Classification in Machine Learning - Decision Tree

Ji Kim·2021년 1월 13일
0

Machine Learning

목록 보기
13/15

Brief Summay
A supervised learning is a machine learning task of learning a function that maps an input to an output based on example input-output pairs. Classification, one of the most famous supervised learning classification techniques, trains its machine learning algorithm based on the given feature and label datasets and predicts the unknown lablel data in the test set.

Types of Machine Learning Classification Algorithm

  • Naive Bayes Classifier
  • Logistic Regression
  • Decision Tree Classifier
  • Support Vector Machine
  • Nearest Neighbor Algorithm
  • Neural Network
  • Ensemble Method Combining Same or Different Algorithms

On this post, we will be studying about Ensemble Method. However, before doing so we will first delve into Decision Tree, which is often used as a weak-learner for Ensemble method.

Decision Tree

Decision Tree is one of the most intuitive ML-algorithm. The model automatically finds the pattern within the data and establishes a classification principle based on a tree-structure. It is a recursive implementations of if - else condition until the model satisfies the constraints.

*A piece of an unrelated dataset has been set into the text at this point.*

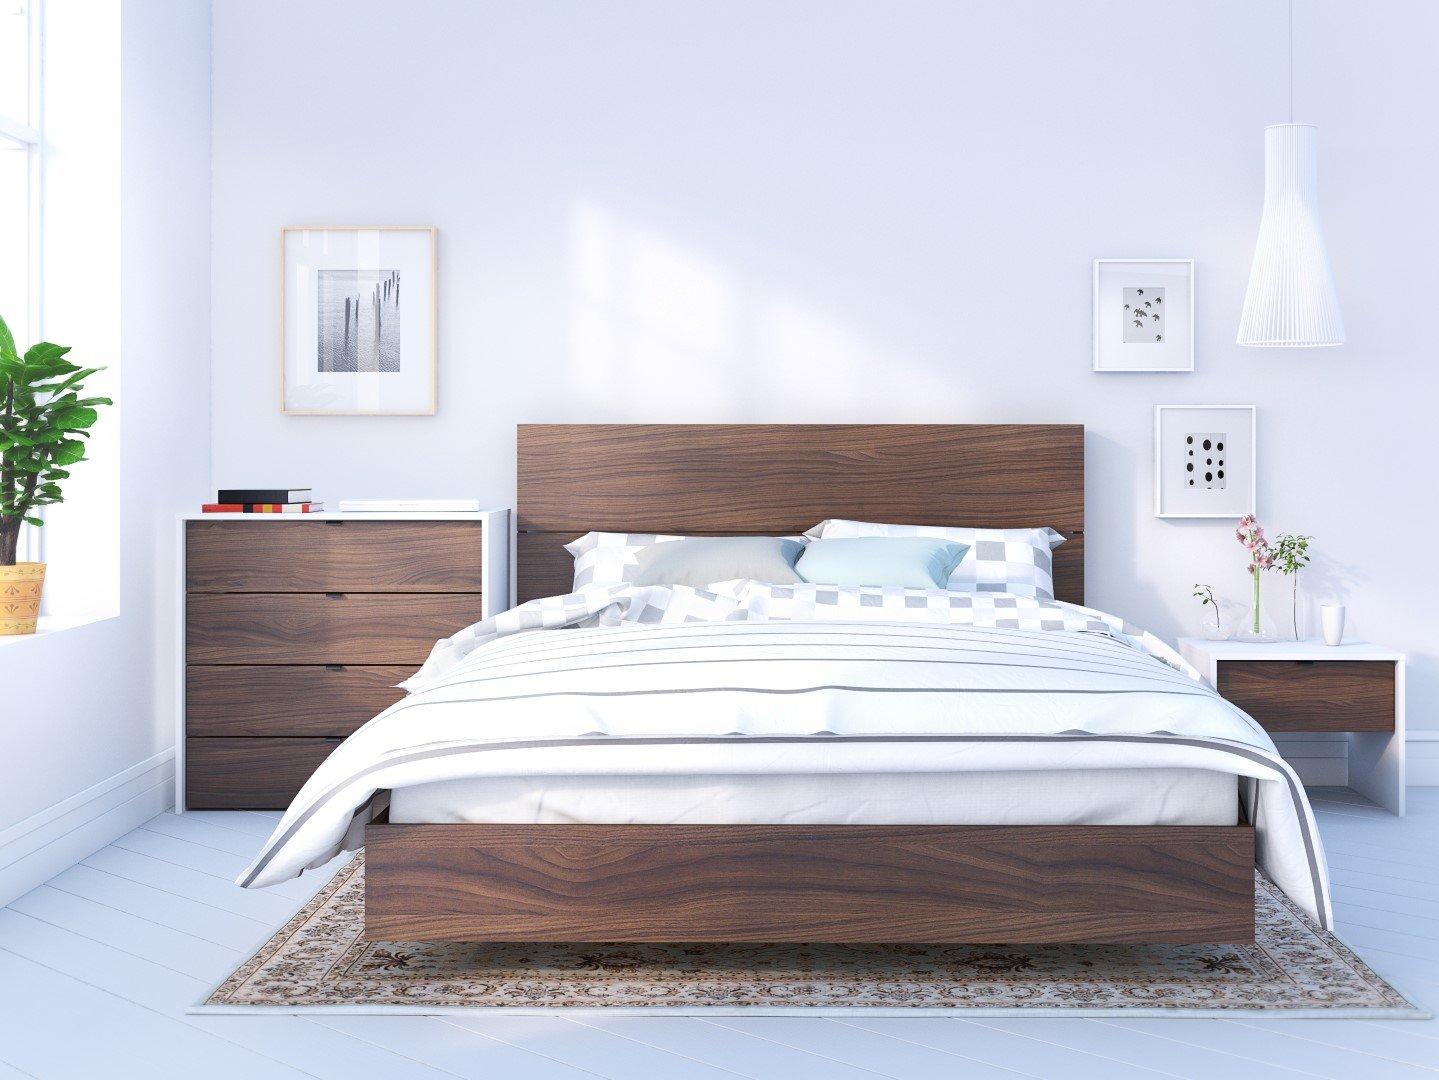 Amazon.com: Nexera Identi-T Queen Size Bedroom Set #400890 from ...

Diagram above shows the basic structure of the Deision Tree. Decision Tree starts from the Root Node, the very fist node of the tree. The nodes derived from the root node becomes Sub Tree which is composed of Decision Node and Leaf Node. Decision Node becomes the condition of decision and the Leaf Node is the classified result of the decision.

In order to classify data with least amount of decision node, it is important to create a condition to contain as much as data as possible. In other words, it is significant to split tree with high data uniformity.

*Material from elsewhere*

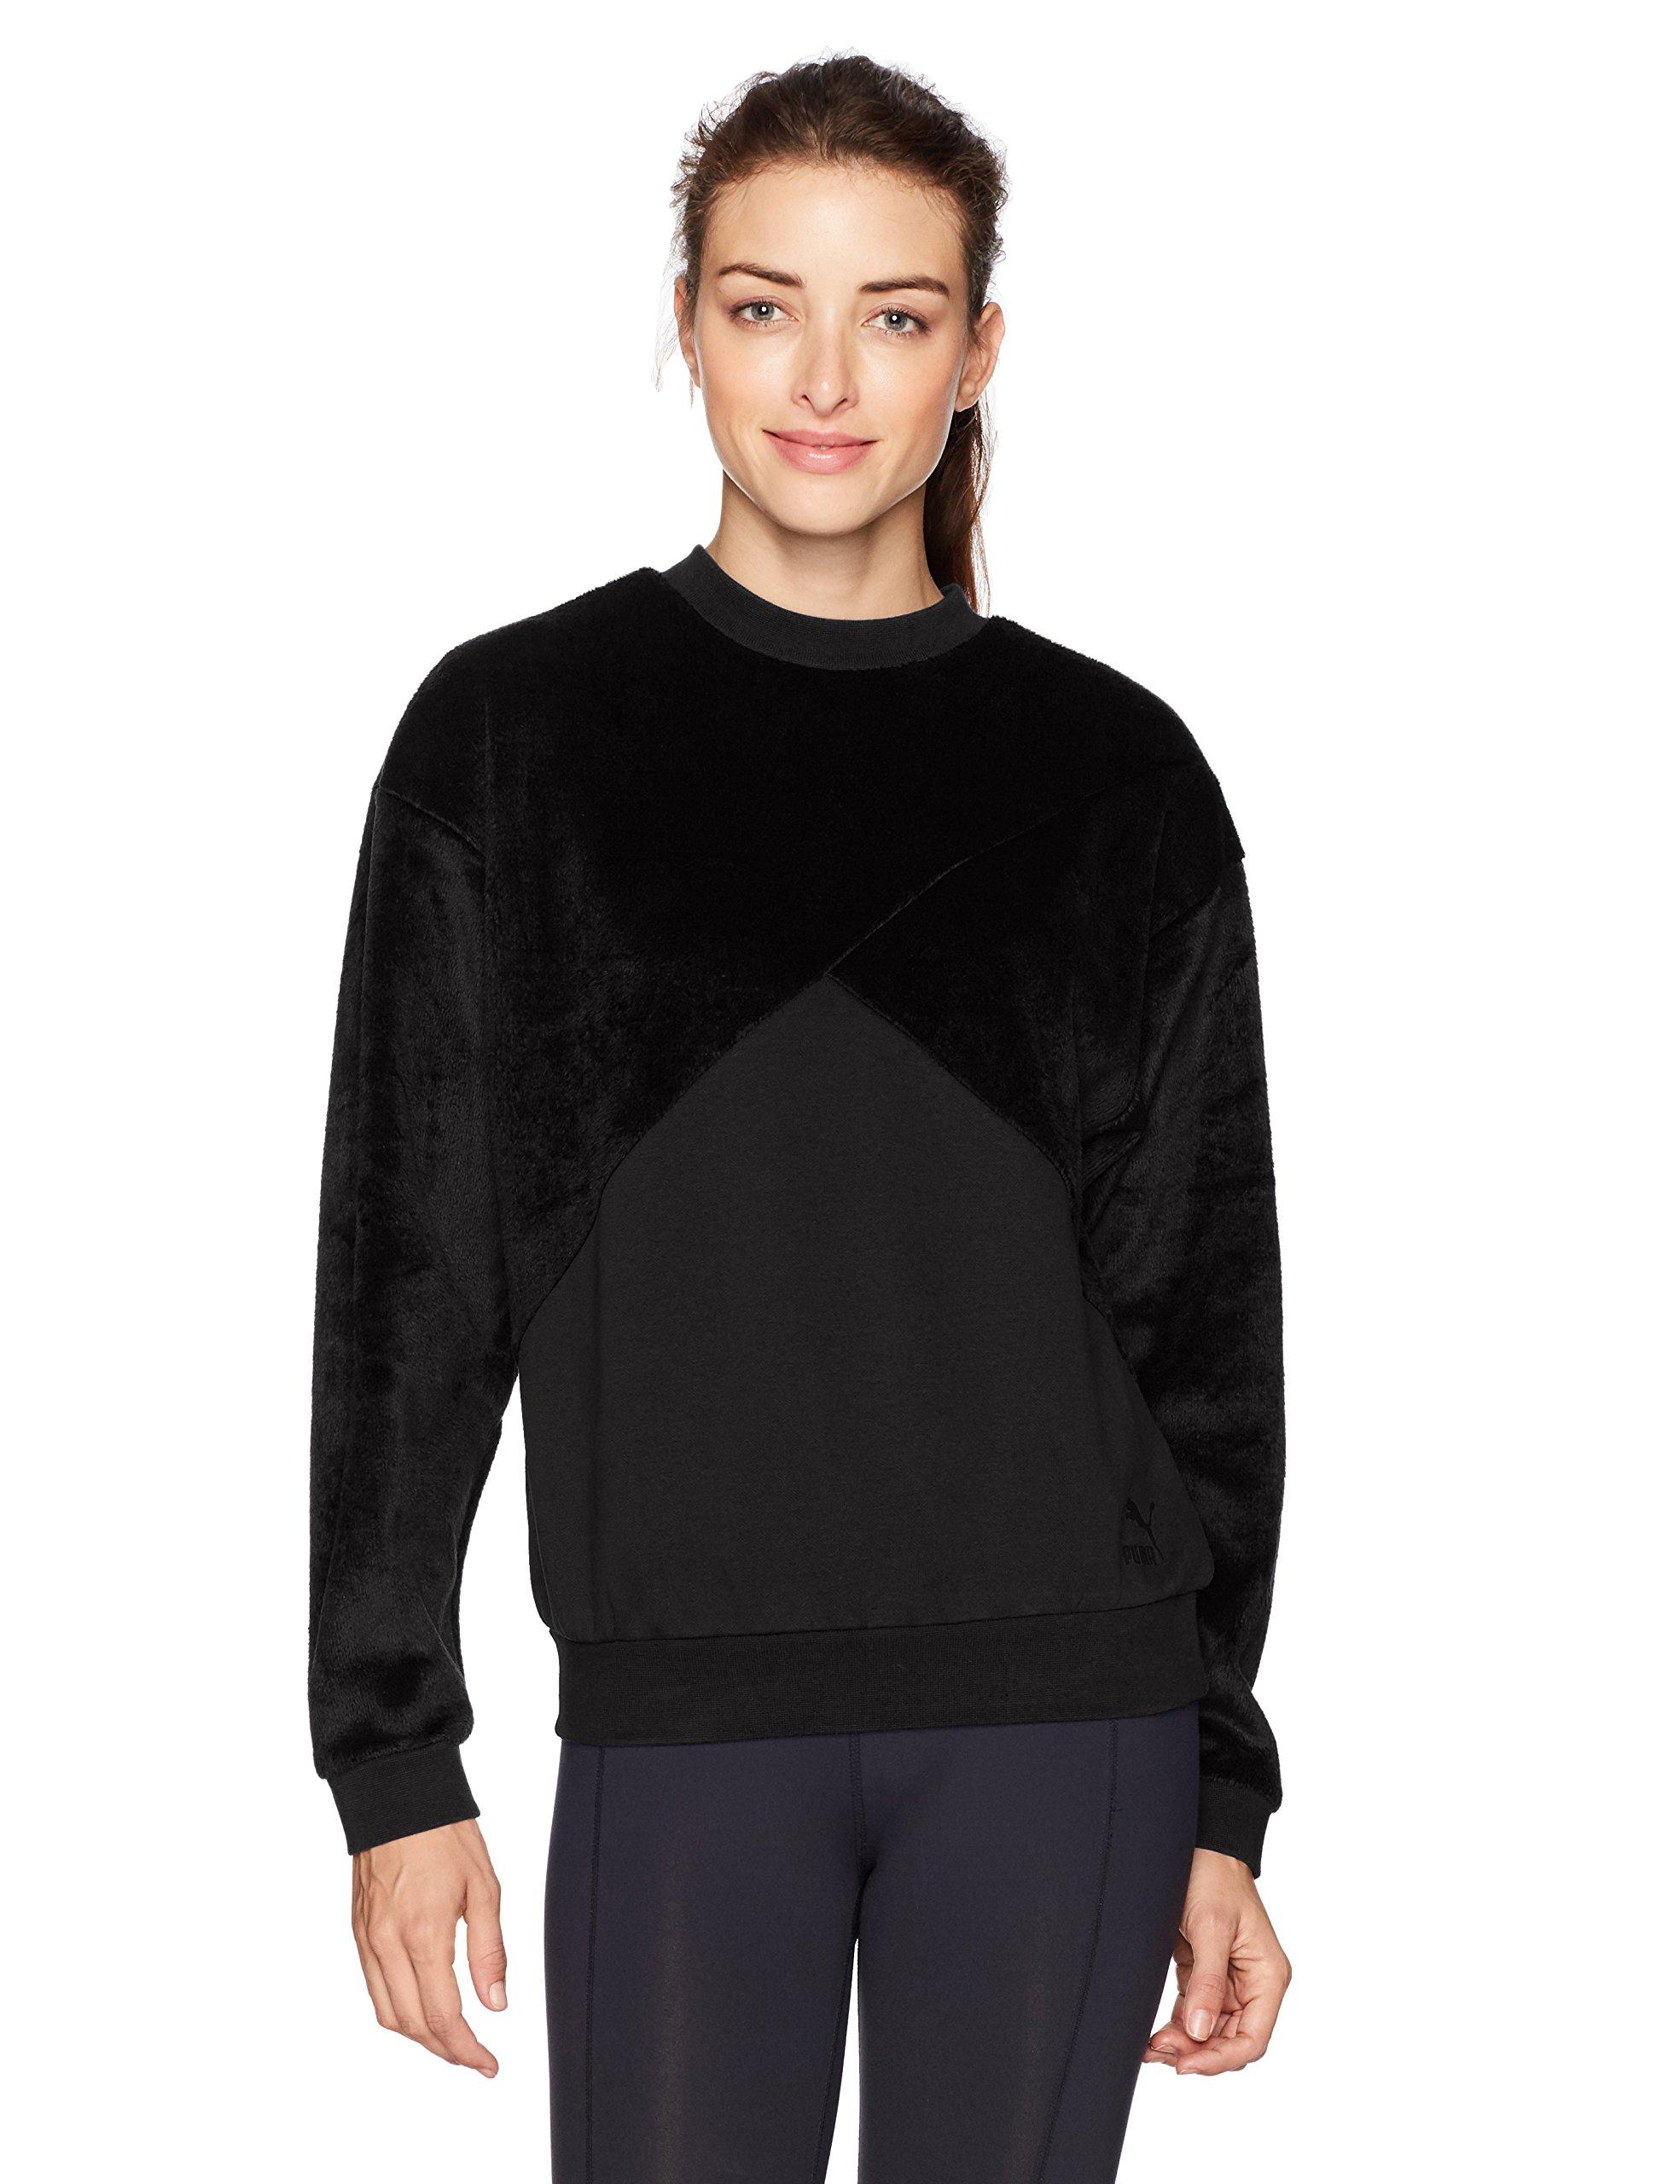 PUMA Women's Fabric Block Crew Neck Sweatshirt, Black, L

Information Gain based on entropy and Gini Coefficient are often used in measuring the uniformity of the dataset.

  • Entropy is the measure of the disorder or uncertainty of the data. Higher the disorder, higher the entropy, and lower the disorder, lower the entropy value. Information Gain equals 1 - entropy. Decision Tree classifies data based on higher Information Gain score.

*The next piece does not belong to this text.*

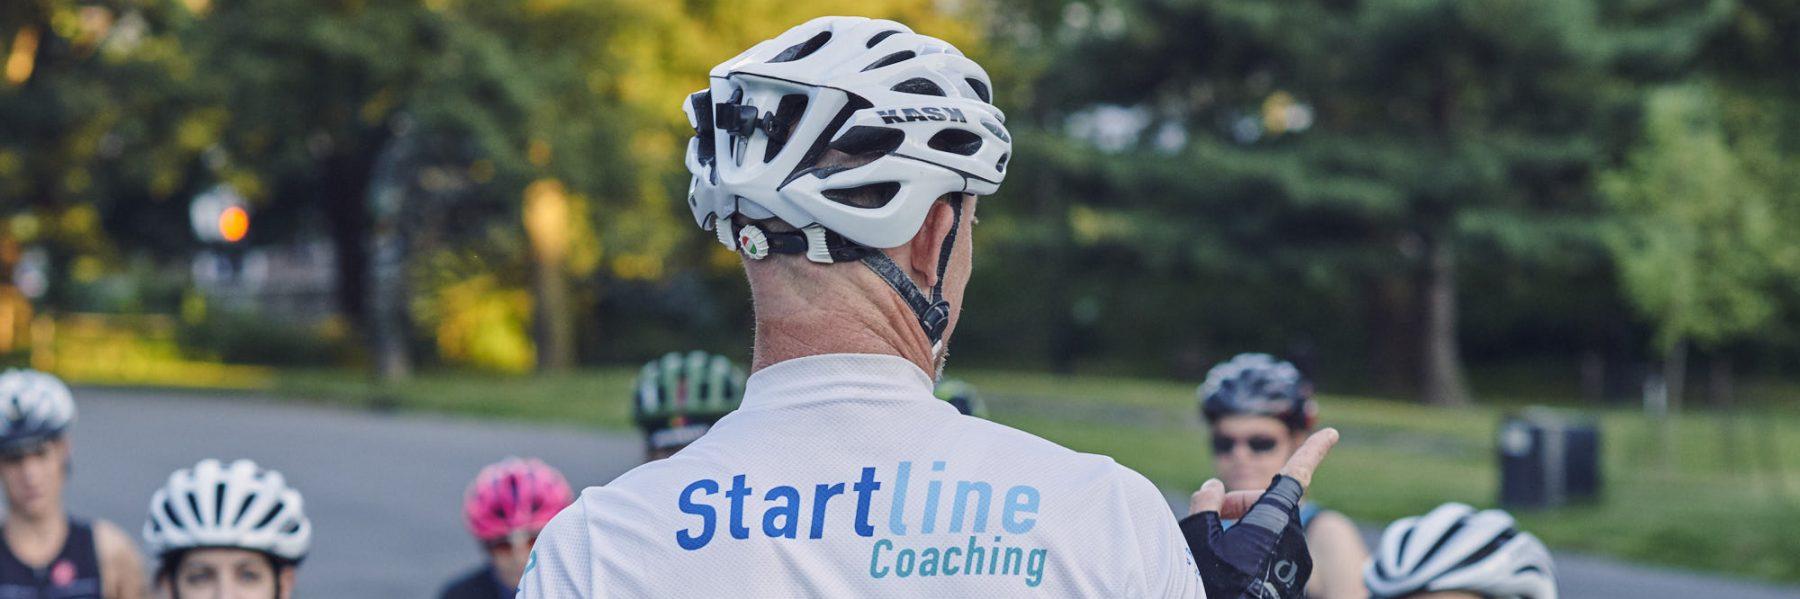 Startline Coaching

  • Gini Coefficient also measures the disorder or uncertainty of the data. Higher the coefficient, higher the unorder is. Hence, the Decision Tree Classifier classifies dataset based on low Gini Coefficient.

Characteristics of Decision Tree

Advantage of Decision Tree comes from its intuitiveness. Since the Decision Tree soley cares about uniformity, there is no need for feature-scaling or data-preprocessings (ex- standardization, normalization).

However, weakness of Decision Tree is that there is a high chance of undermining accuracy due to overfitting. Since the tree recursively creates different sub-trees to satisfy the condtion, the tree become inevitably deep and complex. Therefore, it is sometimes better to set a constraint to the tree model to enhance the performance.

Visualization of Tree Model

Using Graphviz package, we will be visualizing the tree model.

Install Graphviz

Input

from sklearn.tree import DecisionTreeClassifier
from sklearn.datasets import load_iris
from sklearn.model_selection import train_test_split
import warnings
warnings.filterwarnings('ignore')

dt_clf = DecisionTreeClassifier(random_state=156)
t
iris_data = load_iris()
X_train , X_test , y_train , y_test = train_test_split(iris_data.data, iris_data.target,
                                                       test_size=0.2,  random_state=11)

dt_clf.fit(X_train , y_train)

Input

from sklearn.tree import export_graphviz

export_graphviz(dt_clf, out_file="tree.dot", class_names=iris_data.target_names , \
feature_names = iris_data.feature_names, impurity=True, filled=True)

import graphviz

with open("tree.dot") as f:
    dot_graph = f.read()
graphviz.Source(dot_graph)

Output

We can see that the Decision Tree has extended itself until it satifies every label data. Such complexity might show high accuracy for train data-set. However, it has an high chance of falsely predicting to test data-set. Now, let us limit the maximum depth of Decision Tree to 3.

Input (max_depth)

from sklearn.tree import export_graphviz
import graphviz

dt_clf = DecisionTreeClassifier(random_state=156, max_depth=3)

iris_data = load_iris()
X_train , X_test , y_train , y_test = train_test_split(iris_data.data, iris_data.target,
                                                       test_size=0.2,  random_state=11)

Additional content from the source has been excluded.